Start of Data extract

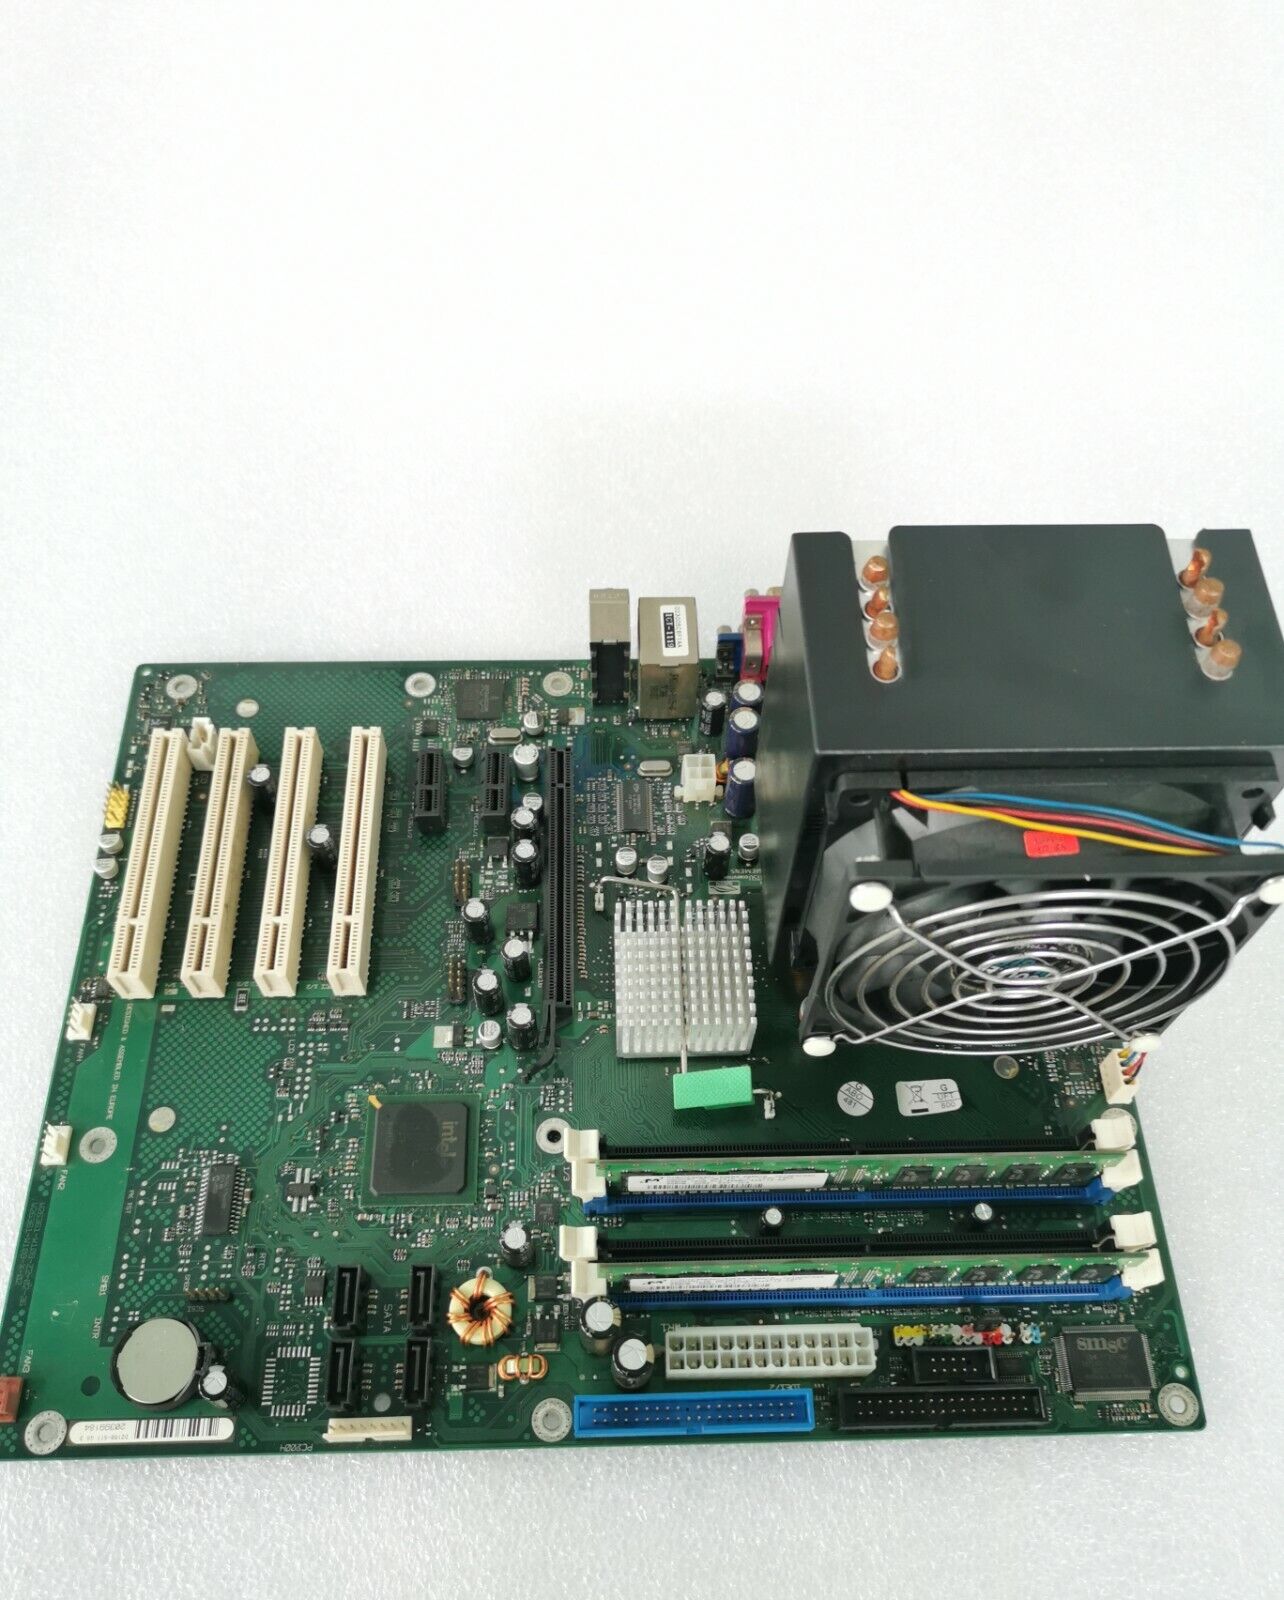 Fujitsu Siemens motherboard D2156-S11 GS3, W26361-W108-Z1-02-36, WORKING
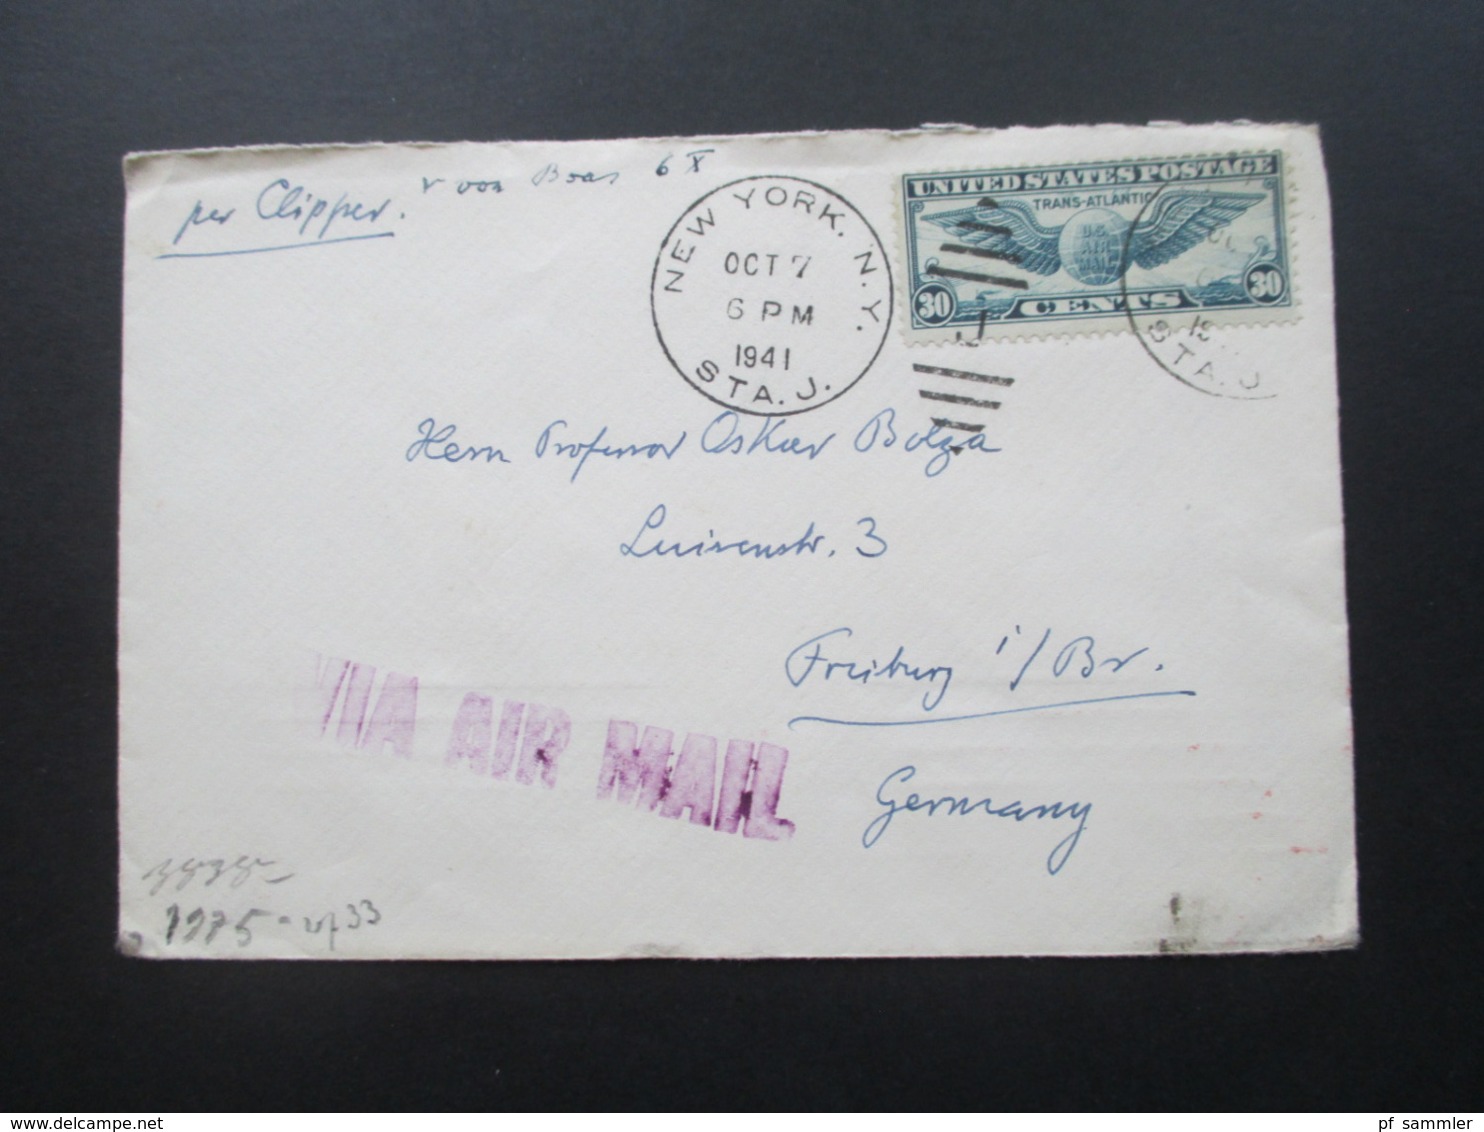 USA 1941 Zensurbeleg Mehrfachzensur OKW Air Mail Per Clipper Trans Atlantic Social Philately Dr.Oskar Bolza Mathematiker - Lettres & Documents
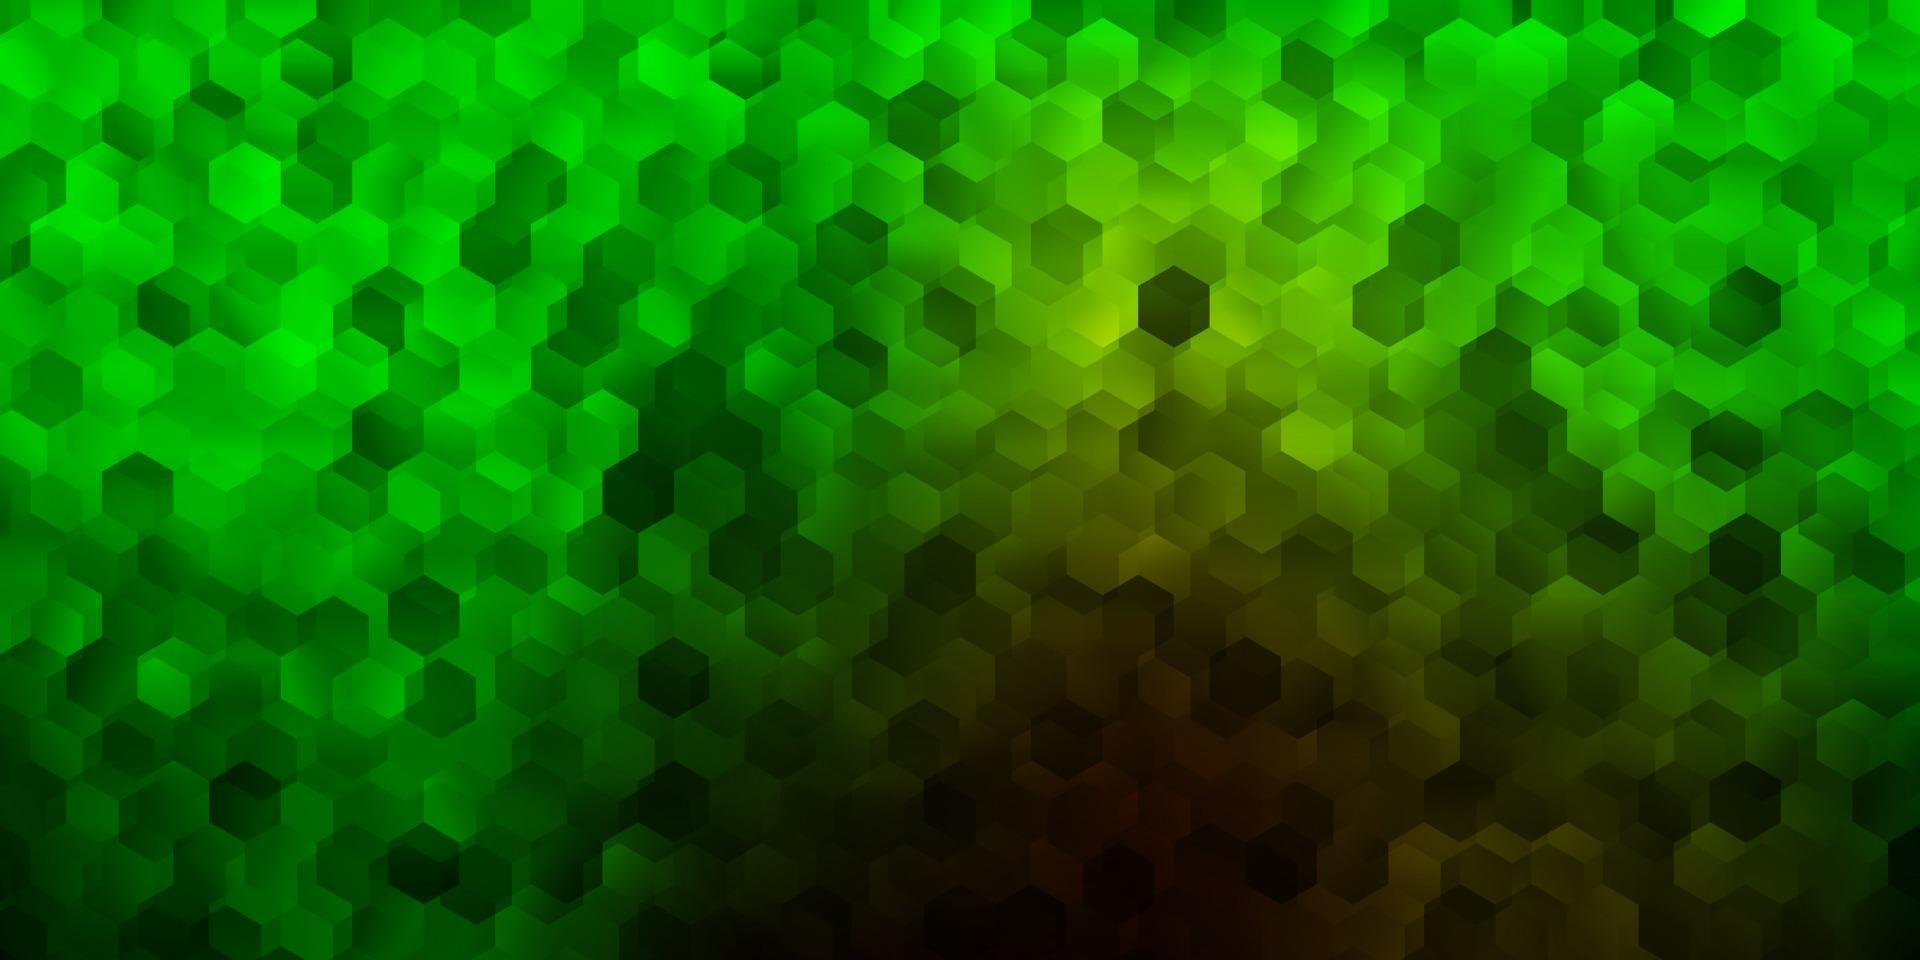 Dark green vector pattern with hexagons.
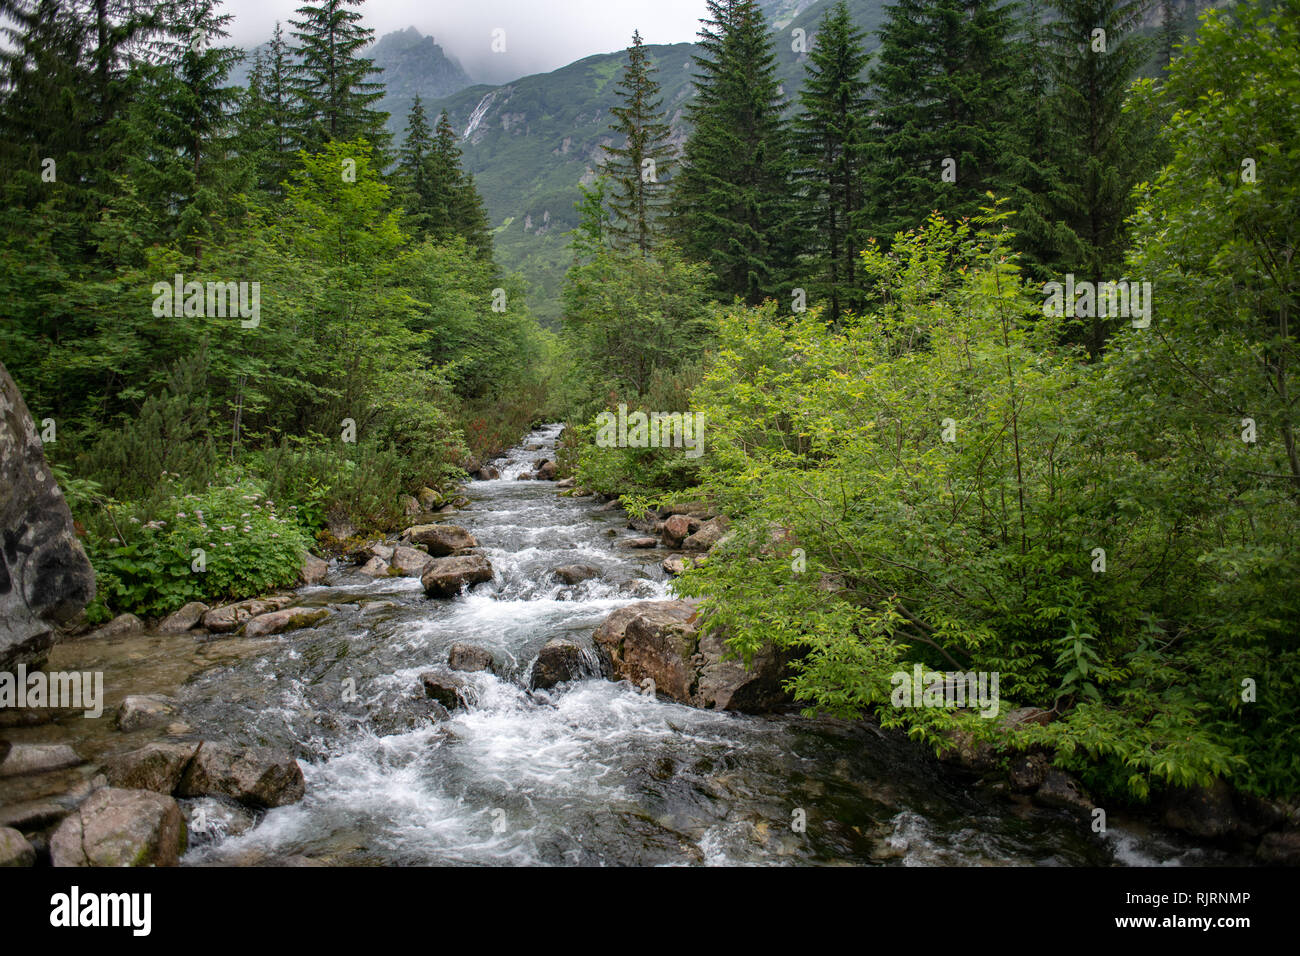 The River Roztoka  in the Tatra National Park,Lesser Poland Voivodeship, Poland. Stock Photo

End of Data extract

▶ **What the task asks**: Skip every picture and return the lines above from the top through the one that contains "Dark green vector pattern with hexagons.".

▶ **Exercise response**:
 Fujitsu Siemens motherboard D2156-S11 GS3, W26361-W108-Z1-02-36, WORKING
 USA 1941 Zensurbeleg Mehrfachzensur OKW Air Mail Per Clipper Trans Atlantic Social Philately Dr.Oskar Bolza Mathematiker - Lettres & Documents
 Dark green vector pattern with hexagons.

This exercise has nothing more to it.